# Question about energy usage for my DIY LED aquarium light



## lybrian1 (Aug 10, 2010)

our electric bill is charged per watt (kilowatt) right?
so i want to make a moon light with a single LED strip from ebay. they are cheap and really bright.

i am not really concern about the electric from one single LED but i want to make it as efficient as possible, no point in wasting electric when the LED is not on. anyways, i found an old outlet transformer that says its 12v which is exactly what the LED is rated to be. i cut then end and crimped it with the LED strip and i attaches a small switch to turn on and off the light easily. it works great the only thing is i realized the transformer still gets hot even when the LED is off. does this mean the transformer is still using electric even though the LED is off?
if thats too confusing i can take a photo.

my other question is IF the LED is rated for say 1 watt. and the transformer is rated at 10watt. how much energy is used when the LED is on? is ti 10watt or 1?


----------



## arc (Mar 11, 2010)

transformer?

Do you mean this ?

Unless unplugged these adapters will use a small amount of energy "phantom power" but I don't know about it still being hot though.

It should only draw about 1w, the 10w is the maximum power it can draw.


----------



## lybrian1 (Aug 10, 2010)

yes

i mean it does get a bit warm


----------



## arc (Mar 11, 2010)

It's not a lot of power but if you want to save the phantom lose, you can use a timer.


----------



## lybrian1 (Aug 10, 2010)

so do i ahve to consider the Watt or the Amps on the transformer?


----------



## arc (Mar 11, 2010)

> so do i ahve to consider the Watt or the Amps on the transformer?


I'm not sure of the question here.

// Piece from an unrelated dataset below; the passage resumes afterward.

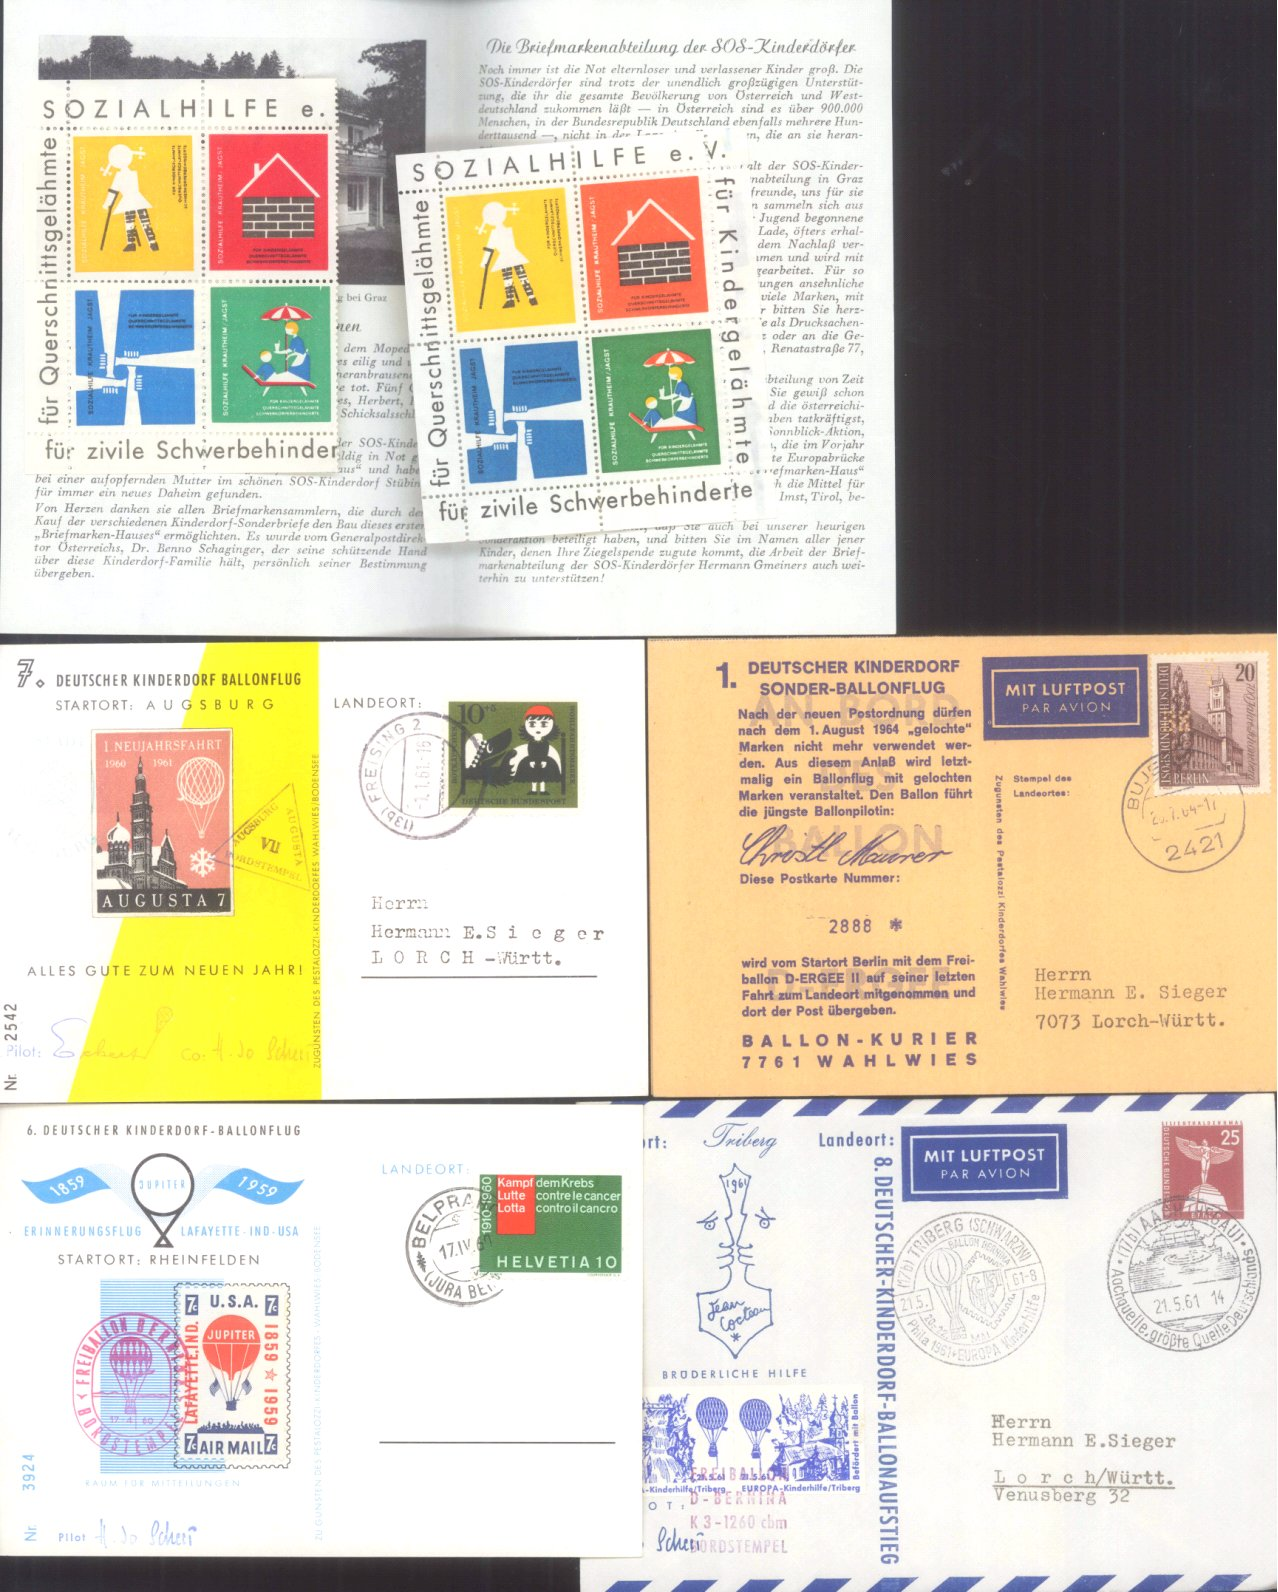 MOTIV BALLONPOST / KINDERDORF BALLONPOST 1952-1972-1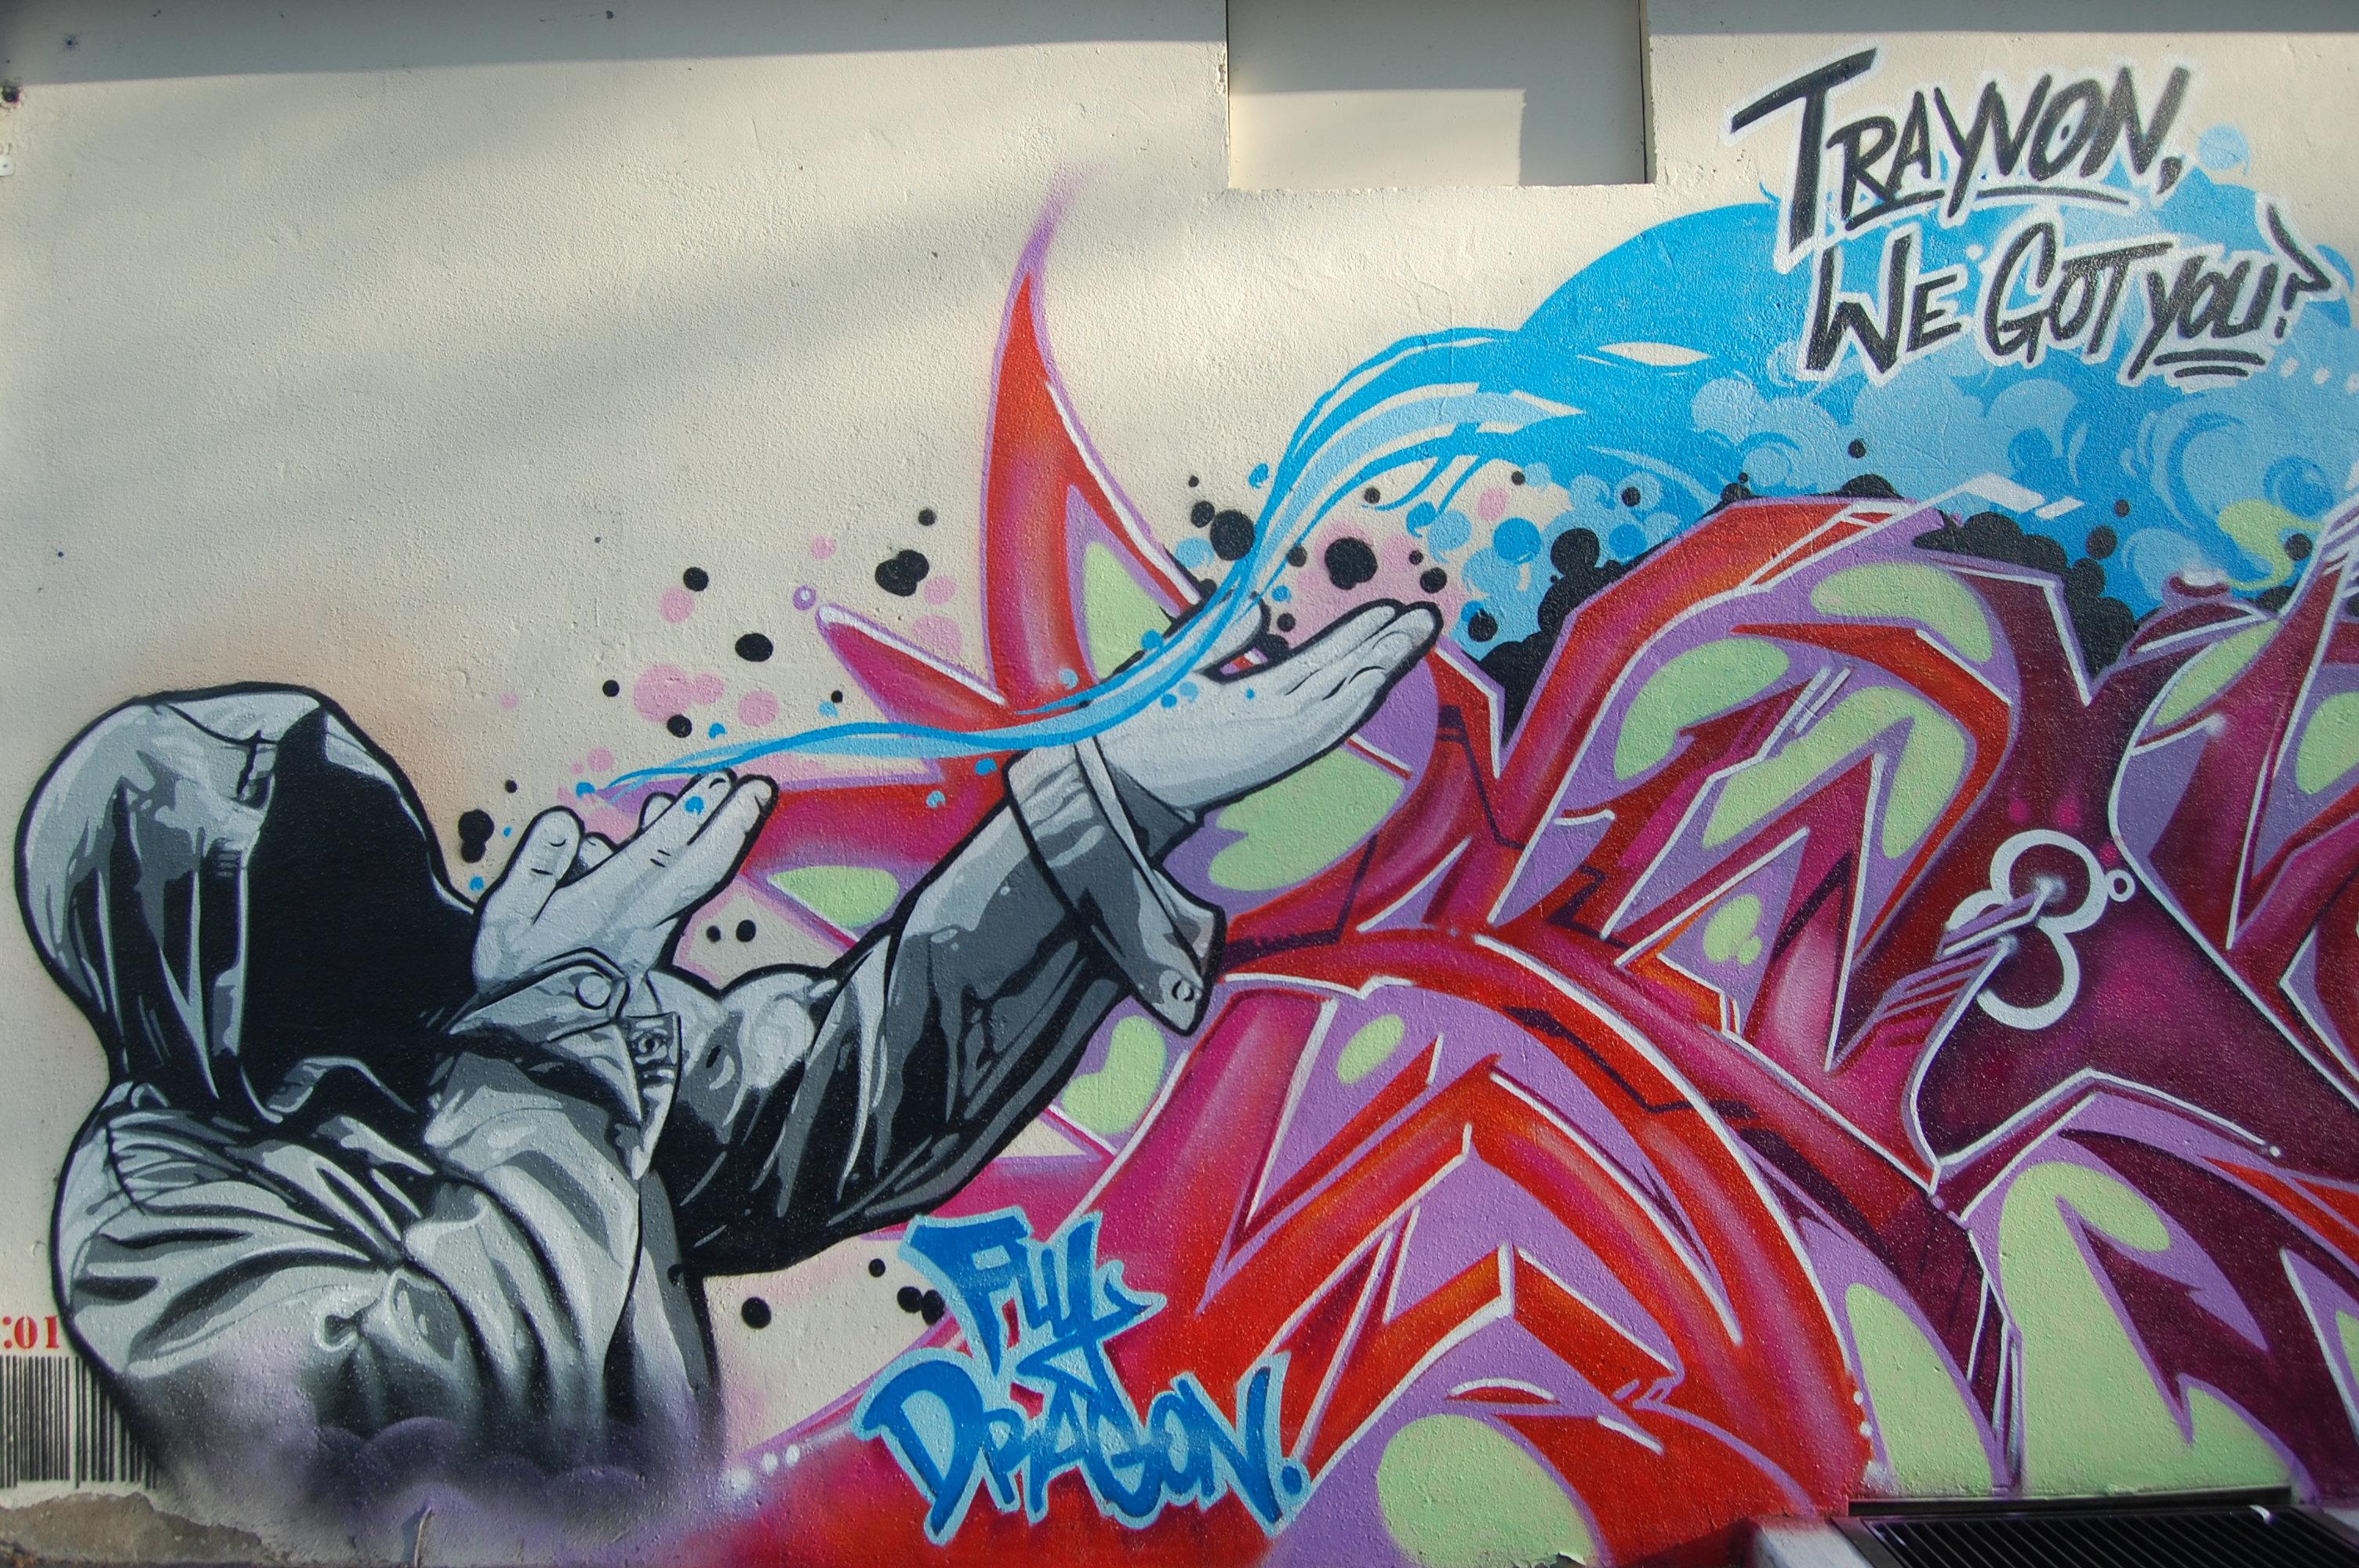 Planet chocko art music movies beyond nj graffiti for Graffiti mural

The adapters will give an output of Volts and Amps. The watts rating is just how much the max watts it can draw. The leds should say how much watts it is drawing.

The only thing I would watch out for from ebay leds is how many milliamps(mA) (1Amp=1000milliAmps) it needs. If it only needs 350mA and you use a 900mA adapter then you will be burning through the leds fast.


----------



## lybrian1 (Aug 10, 2010)

good to know thank you


----------